What the Experts Say
"Absolutely [MOQ contracts are ubiquitous], and not only with Asian suppliers. This is a very common practice across the world" - Dominique Lecossois, former COO
The Core Message
The use of simpler MOQ contracts is a win-win on all fronts:
The contracts are efficient and lead to theoretically optimal profits
Managers can easily optimize its parameters and achieve those optimal profits
There is little need for investment in complex algorithms to optimize these contracts
They have the potential to alleviate the impact of supply chain disruptions
The most experienced firms and managers use it regularly
While other, more complex contracts, may have some alternative merits in terms of how risk is split across parties, the added complexity can eat into those benefits in the absence of an investment in complex systems. For entrepreneurial ventures just starting out (and even large global businesses) the MOQ contract remains a favoured option.
See below collapsible sections for a description of each contract type discussed above.
The above findings are robust across sectors but the specific circumstances of a given firm or sector will warrant specific analysis. For insights curated to your unique circumstances, to make use of predictive models, for collaboration opportunities, and speaking arrangements, please reach out through the contact form.
Buyback Contract
With a buyback (BB) contract, the supplier agrees to sell each unit of its product to a venture at a wholesale price but purchase units that are unsold at the end of the selling season back from the venture at a pre-determined buyback price. This incentivizes the venture to order more units. Setting the parameters such that the venture orders the supply chain optimal order quantity maximizes supply chain profit and so is said to “coordinate” the supply chain.
Revenue-Sharing Contract
With a revenue-sharing (RS) contract, the venture pays the supplier both a wholesale price for each unit purchased and part of the revenues from each unit that is eventually sold. With this contract, the supplier sets a lower wholesale price, which icentivizes the venture to order more units.
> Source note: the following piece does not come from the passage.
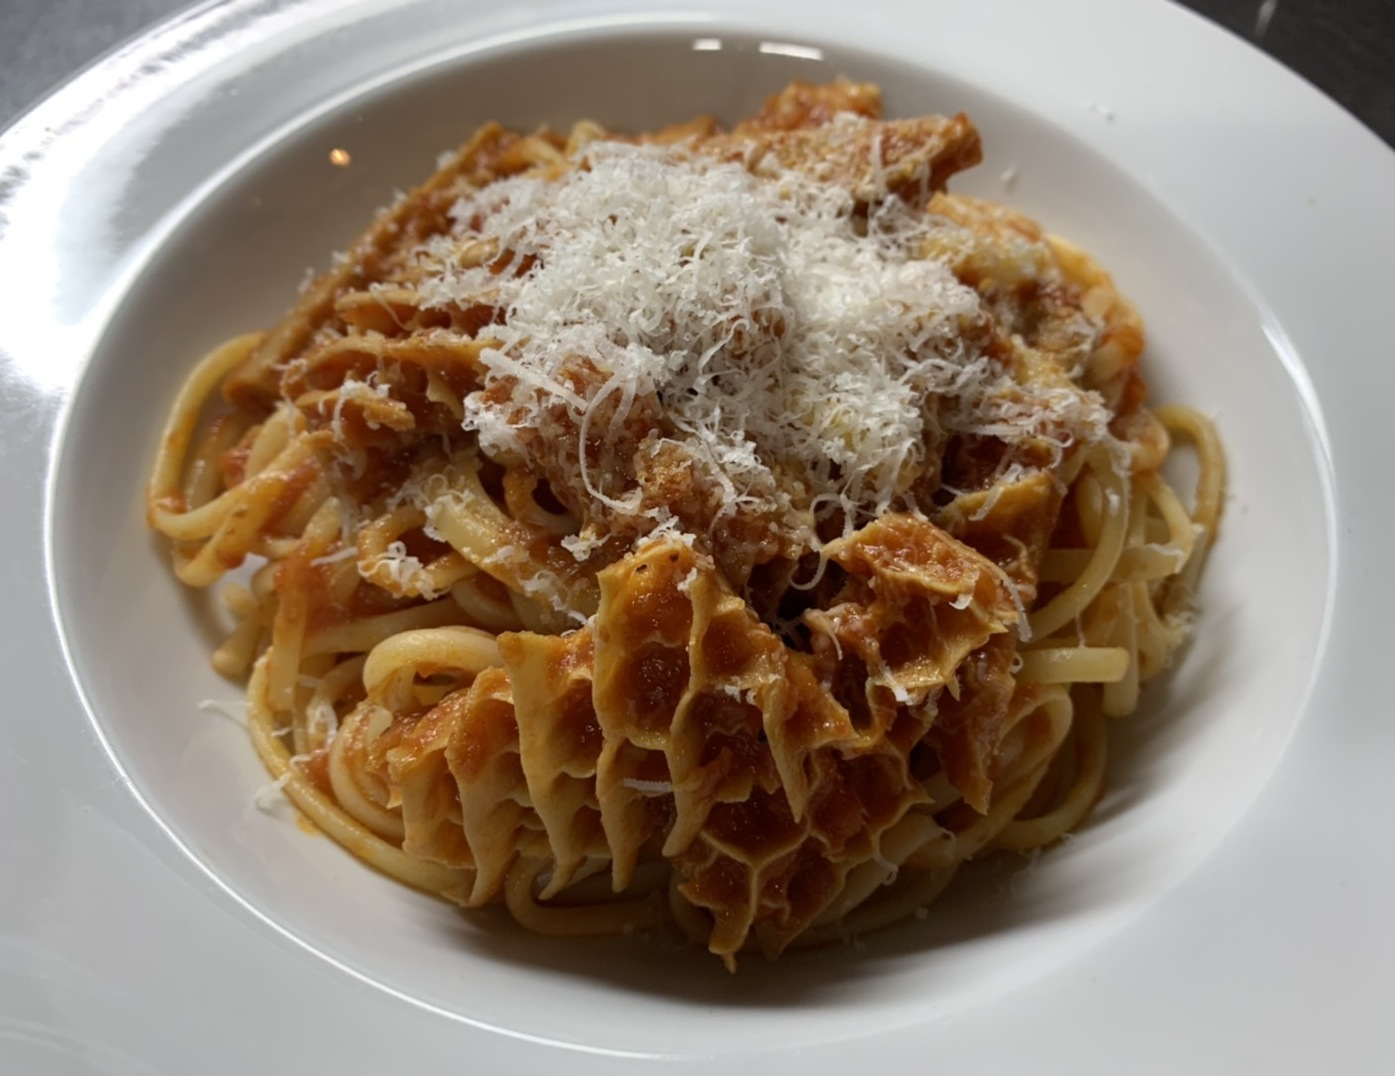 イタリア パルマ産 生ハムとチーズの盛り合わせ

Once again, setting the parameters such that the venture orders the supply chain optimal order quantity maximizes supply chain profit and coordinates the supply chain.
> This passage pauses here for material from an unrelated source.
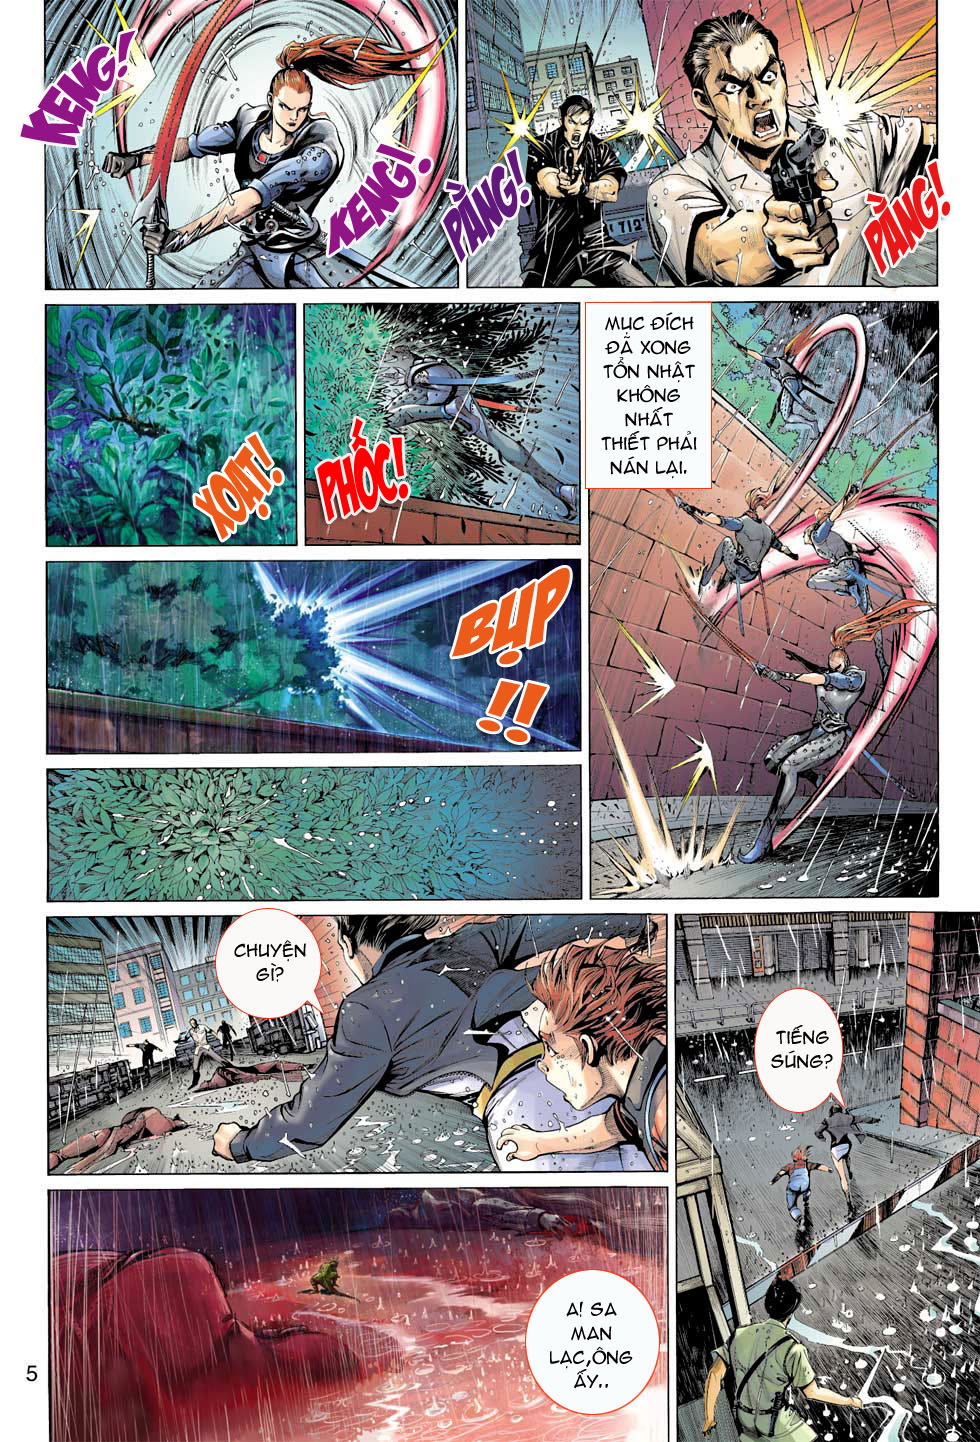 Thần Binh 4 chap 8 - Trang 5

Minimum Order Quantity Contract
With a minimum order quantity (MOQ) contract, the supplier agrees to sell each unit of its product to a venture at a wholesale price but also specifies the fewest number of units it is willing to sell in a single transaction, i.e., the minimum order quantity. Setting the MOQ to the supply chain optimal order quantity maximizes supply chain profit and coordinates the supply chain.